- **Dataset entries**
▼▼▼

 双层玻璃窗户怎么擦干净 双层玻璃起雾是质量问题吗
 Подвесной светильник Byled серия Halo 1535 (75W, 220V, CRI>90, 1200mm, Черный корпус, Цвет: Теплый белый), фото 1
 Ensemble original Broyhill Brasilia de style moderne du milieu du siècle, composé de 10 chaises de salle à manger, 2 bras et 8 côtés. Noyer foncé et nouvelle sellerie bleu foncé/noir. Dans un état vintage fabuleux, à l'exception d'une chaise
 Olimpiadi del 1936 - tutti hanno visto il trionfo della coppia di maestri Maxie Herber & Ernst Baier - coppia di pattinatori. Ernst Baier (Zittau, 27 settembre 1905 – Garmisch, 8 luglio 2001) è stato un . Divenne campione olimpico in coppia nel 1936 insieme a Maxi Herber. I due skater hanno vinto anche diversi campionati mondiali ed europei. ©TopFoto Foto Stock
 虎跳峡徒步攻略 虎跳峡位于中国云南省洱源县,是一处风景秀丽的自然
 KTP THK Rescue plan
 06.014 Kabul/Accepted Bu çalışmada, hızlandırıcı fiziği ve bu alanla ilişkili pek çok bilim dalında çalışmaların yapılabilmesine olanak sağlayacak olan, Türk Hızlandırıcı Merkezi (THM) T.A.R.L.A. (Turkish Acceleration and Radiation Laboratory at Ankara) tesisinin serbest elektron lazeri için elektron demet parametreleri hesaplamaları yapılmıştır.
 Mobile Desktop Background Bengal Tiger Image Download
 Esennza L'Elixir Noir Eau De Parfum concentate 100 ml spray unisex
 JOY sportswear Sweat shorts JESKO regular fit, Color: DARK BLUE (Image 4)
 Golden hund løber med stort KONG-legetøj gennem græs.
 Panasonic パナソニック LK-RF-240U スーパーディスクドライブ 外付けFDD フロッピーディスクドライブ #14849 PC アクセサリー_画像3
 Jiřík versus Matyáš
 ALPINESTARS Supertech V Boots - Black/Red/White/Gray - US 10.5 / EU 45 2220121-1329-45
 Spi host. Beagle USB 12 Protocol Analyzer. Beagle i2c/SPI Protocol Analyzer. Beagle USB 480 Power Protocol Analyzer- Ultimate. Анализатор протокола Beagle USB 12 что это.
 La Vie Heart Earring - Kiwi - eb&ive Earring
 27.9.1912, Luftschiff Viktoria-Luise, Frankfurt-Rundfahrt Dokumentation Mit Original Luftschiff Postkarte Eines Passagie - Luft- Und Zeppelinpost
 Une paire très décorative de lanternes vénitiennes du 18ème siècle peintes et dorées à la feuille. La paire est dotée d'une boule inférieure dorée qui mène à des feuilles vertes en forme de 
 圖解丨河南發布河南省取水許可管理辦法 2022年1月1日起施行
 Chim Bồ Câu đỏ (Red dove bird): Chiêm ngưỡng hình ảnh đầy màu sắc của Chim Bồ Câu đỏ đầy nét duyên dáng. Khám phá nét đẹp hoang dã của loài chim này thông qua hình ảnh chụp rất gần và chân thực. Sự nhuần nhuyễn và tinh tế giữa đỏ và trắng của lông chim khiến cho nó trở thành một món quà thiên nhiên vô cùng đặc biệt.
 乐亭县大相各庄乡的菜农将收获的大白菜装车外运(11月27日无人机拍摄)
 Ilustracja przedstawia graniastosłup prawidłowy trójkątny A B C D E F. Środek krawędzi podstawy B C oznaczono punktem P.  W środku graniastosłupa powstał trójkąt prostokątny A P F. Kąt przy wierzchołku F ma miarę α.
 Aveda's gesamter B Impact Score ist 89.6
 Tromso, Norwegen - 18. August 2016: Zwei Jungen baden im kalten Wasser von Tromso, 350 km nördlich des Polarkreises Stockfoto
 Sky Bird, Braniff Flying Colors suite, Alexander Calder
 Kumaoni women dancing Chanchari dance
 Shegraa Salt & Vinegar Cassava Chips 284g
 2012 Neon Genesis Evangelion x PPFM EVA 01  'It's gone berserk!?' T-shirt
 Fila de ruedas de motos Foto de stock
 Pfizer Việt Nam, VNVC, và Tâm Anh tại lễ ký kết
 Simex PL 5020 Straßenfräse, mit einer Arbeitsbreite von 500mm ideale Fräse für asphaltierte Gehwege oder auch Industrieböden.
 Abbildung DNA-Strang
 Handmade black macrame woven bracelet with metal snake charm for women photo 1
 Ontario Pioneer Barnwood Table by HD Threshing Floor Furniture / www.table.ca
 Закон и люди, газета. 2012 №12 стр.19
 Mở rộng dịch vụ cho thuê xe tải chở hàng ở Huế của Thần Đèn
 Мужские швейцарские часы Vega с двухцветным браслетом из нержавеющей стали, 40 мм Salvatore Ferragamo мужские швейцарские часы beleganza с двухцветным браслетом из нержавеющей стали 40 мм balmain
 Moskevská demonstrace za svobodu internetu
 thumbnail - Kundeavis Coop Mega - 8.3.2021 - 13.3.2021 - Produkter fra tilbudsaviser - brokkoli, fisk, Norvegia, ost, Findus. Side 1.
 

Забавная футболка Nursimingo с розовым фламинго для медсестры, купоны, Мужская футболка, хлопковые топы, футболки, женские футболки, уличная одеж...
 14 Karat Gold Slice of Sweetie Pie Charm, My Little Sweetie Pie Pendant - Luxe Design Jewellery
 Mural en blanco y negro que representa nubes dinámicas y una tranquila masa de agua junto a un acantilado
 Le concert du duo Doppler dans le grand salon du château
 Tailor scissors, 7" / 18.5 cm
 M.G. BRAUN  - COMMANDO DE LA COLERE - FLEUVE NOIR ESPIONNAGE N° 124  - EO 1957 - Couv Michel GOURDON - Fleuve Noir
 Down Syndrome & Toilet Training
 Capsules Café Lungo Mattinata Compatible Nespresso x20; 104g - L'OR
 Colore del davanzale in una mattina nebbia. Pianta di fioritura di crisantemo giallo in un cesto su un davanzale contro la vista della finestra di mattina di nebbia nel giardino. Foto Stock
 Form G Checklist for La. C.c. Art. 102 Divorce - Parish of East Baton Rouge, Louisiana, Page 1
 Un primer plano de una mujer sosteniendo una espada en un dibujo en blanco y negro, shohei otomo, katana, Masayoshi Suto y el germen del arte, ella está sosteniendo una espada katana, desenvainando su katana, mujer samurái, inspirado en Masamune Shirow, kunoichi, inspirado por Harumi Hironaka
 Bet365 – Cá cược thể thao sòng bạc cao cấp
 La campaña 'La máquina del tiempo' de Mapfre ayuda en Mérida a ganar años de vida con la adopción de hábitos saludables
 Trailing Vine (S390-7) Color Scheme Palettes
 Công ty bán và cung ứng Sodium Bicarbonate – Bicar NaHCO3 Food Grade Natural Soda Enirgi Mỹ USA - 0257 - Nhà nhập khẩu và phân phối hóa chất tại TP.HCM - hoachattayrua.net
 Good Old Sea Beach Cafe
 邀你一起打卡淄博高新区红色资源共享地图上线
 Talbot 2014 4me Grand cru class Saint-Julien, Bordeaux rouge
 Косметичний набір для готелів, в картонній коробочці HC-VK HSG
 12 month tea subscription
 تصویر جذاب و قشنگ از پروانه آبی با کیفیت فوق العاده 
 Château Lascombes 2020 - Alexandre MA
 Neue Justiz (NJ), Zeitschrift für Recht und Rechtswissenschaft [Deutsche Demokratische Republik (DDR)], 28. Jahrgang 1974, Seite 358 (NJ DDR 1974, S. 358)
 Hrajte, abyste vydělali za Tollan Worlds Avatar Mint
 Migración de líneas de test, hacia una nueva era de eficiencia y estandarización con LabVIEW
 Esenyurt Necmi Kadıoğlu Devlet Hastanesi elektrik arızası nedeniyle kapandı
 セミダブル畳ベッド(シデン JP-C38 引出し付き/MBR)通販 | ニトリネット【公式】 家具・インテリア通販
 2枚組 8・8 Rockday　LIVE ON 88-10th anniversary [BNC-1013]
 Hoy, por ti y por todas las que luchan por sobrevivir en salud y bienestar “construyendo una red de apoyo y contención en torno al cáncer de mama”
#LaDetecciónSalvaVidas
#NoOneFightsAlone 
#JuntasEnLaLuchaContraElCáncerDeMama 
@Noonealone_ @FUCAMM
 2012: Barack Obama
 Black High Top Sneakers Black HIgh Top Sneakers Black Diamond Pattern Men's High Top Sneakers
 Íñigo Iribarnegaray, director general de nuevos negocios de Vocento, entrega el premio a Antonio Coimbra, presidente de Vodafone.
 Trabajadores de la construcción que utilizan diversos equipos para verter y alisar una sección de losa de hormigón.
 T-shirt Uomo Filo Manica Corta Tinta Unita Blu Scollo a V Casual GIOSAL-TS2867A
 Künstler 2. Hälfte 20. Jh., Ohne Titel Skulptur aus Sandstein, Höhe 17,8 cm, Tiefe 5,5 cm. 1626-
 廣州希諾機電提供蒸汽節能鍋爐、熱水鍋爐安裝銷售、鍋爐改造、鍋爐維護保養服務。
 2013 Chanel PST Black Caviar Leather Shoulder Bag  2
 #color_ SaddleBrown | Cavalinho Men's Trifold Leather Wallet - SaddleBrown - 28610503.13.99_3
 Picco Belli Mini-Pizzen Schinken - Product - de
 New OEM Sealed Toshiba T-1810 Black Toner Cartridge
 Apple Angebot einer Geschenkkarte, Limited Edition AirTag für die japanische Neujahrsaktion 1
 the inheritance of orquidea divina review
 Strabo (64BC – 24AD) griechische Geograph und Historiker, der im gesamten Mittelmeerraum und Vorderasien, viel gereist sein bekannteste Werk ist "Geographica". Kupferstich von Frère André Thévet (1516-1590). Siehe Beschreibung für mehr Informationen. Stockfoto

▲▲▲

- **PROMPT**
Above are the lines; repeat exactly the ones from the line containing "Косметичний набір для" down to the line containing "セミダブル畳ベッド(シデン JP-C38 引出し付き/MBR)通販", both inclusive.

- **EXERCISE ANSWER**
 Косметичний набір для готелів, в картонній коробочці HC-VK HSG
 12 month tea subscription
 تصویر جذاب و قشنگ از پروانه آبی با کیفیت فوق العاده 
 Château Lascombes 2020 - Alexandre MA
 Neue Justiz (NJ), Zeitschrift für Recht und Rechtswissenschaft [Deutsche Demokratische Republik (DDR)], 28. Jahrgang 1974, Seite 358 (NJ DDR 1974, S. 358)
 Hrajte, abyste vydělali za Tollan Worlds Avatar Mint
 Migración de líneas de test, hacia una nueva era de eficiencia y estandarización con LabVIEW
 Esenyurt Necmi Kadıoğlu Devlet Hastanesi elektrik arızası nedeniyle kapandı
 セミダブル畳ベッド(シデン JP-C38 引出し付き/MBR)通販 | ニトリネット【公式】 家具・インテリア通販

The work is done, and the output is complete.